The Wise and Powerful Athena

Athena

In Greek mythology, Athena was the goddess of wisdom and courage and so very much more! It is appropriate then that on my farm the daughter of Allez Tam is named Athena. Athena is the half-sister to Achilles and Rocko and Aiden, as all four of them have the same sire, an American Warmblood stallion who is the son of Song (who also lives where I do). Athena takes after her father in coat color, but not much else in terms of build and looks and personality.

Athena was born on June 14, making her birthday very close to my human’s day. Outside of me, I think Athena is my human’s favorite horse at the farm I live on. Athena may be the smallest of the four American Warmbloods who were born on the farm where I live, but don’t let that full you. That girl is in charge! When she was very young, she looked like a pure Thoroughbred baby (her mother Allez Tam who you’ve met is a pure TB) tearing up the field and being mostly independent from her mother early on. She had a few stumbles during wet days in the paddock, but she was always up and off to the races again in short order.

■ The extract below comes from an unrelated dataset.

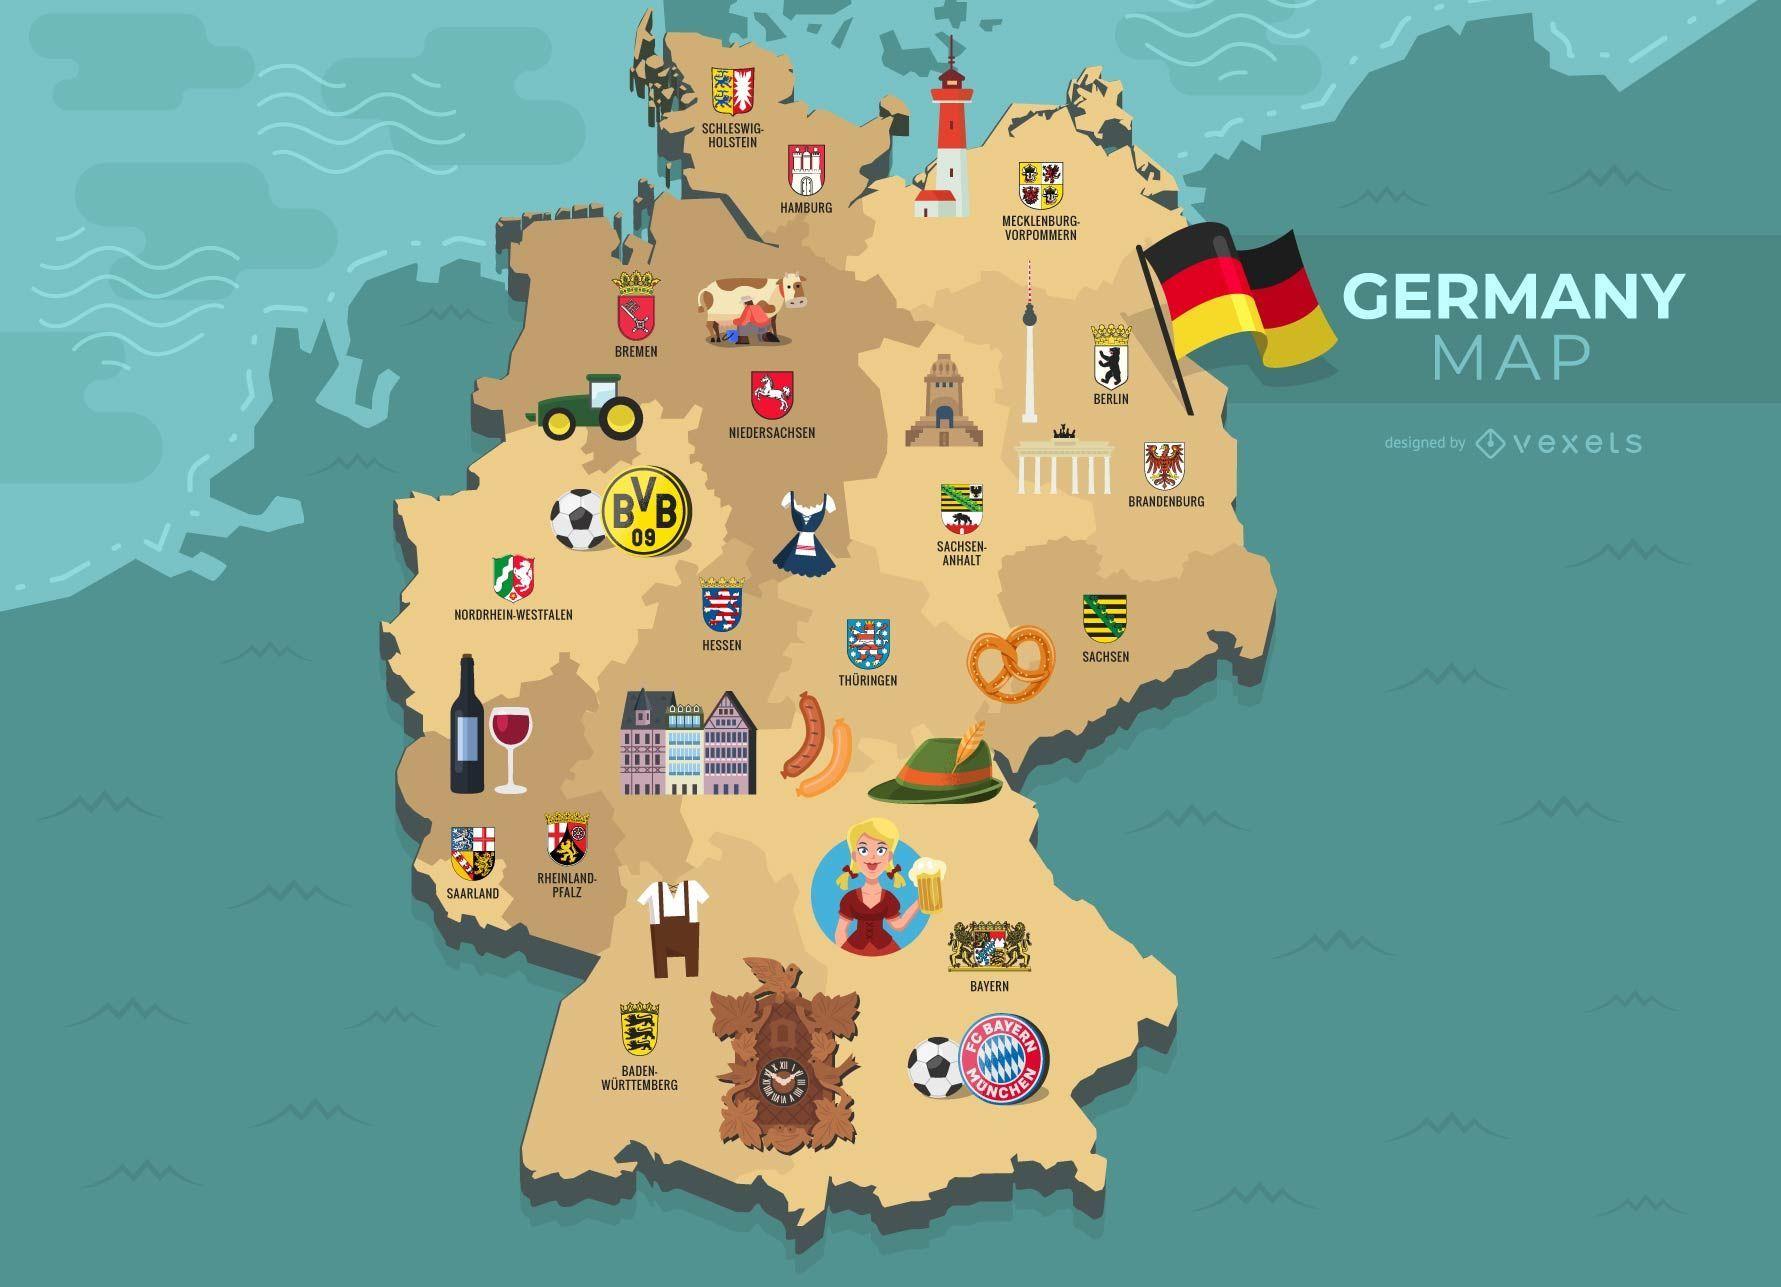 Germany Map Illustration

Athena does like to be the head of her herd, but she is not as pushy as some of the other mares on the farm. She and Sapphire were good friends when they were in the field together and tended to rule together, but when Code Red (Song’s daughter) came on the scene, things became strained between Athena and Code Red. Code Red is definitely more pushy. For the sake of all, the mare fields were split up. Nowadays, Athena lives with her dam, Allez Tam, North Kerry Lass and Satin. These four get along fairly well though Athena does like to be the first to get treats and food.

Athena is only about 15.2 hands high, but her potential should be unlimited in the right hands. She likes to work and mostly GO! She’s still working out things under saddle. She’s definitely a solid, well-built girl with a firecracker mind. I like Athena most days, just not when she’s getting too many of my mints or is eating in a stall next to me and making ugly faces because she thinks I might steal her food. Like me she does crib. She learned that from her dam, Allez Tam.

It’s good to be back introducing my friends on the farm to all of you!

Can I get an ALLOWANCE?

If you read my previous article Claim Is the Name of the Game (https://blueblueseaottb.wordpress.com/2012/02/24/claim-is-the-name-of-the-game/), you have an understanding of what most races being run each day in the USA. Allowance races are another common race that you will see at tracks each day in the USA.

I never ran in an allowance race during my career, but famous Rapid Redux (http://www.equibase.com/premium/eqbHorseInfo.cfm?refno=7704652&registry=T) has made his streak and name from running in a particular kind of allowance race, so I’ll refer to some of his races to give you an idea.

The first thing to understand is that there is no ability to make a claim in an allowance race, so none of the horses in an allowance are going to be for sale. In an allowance race, the racing secretary will set conditions that determine how much weight each horse will carry in the race. The theory behind assigning weights is to level the playing field – better horses carry more weight to give the other horses a better chance at winning, so theier is better competition. Allowances are based on things like the age of the horses, the gender of the horses, how many races the horses have won and when those wins came, among others.

When you look at the racing form, it will state that the race is an Allowance and you might see something like this:

Three Year Olds    119 lbs.  Older    124 lbs.  Non-winners of a race other than Claiming since March 16   2 lbs.

These are the allowances – how much weight a horse can subtract from the standard depending on age. In this example, all 3 year olds would start at 119 lbs and those over 3 would start at 124 lbs. If a 3 year old entered that had won a claiming race since March 16, would only need to carry 117 lbs. If a 5 year old was entered who had won a Stakes race, the horse would not get any allowance and would carry the full 124 lbs.

Now, a special Allowance race is a Starter Allowance, and this is where Rapid Redux found his niche. Generally, you will find the best of the Claiming runners in a Starter Allowance. To enter a starter allowance, a horse must have run at a certain claiming level according to the conditions of the race during a specified time period.

So, there you have it, Allowance races. Hope you will find reading the form easier now that you understand these two races better.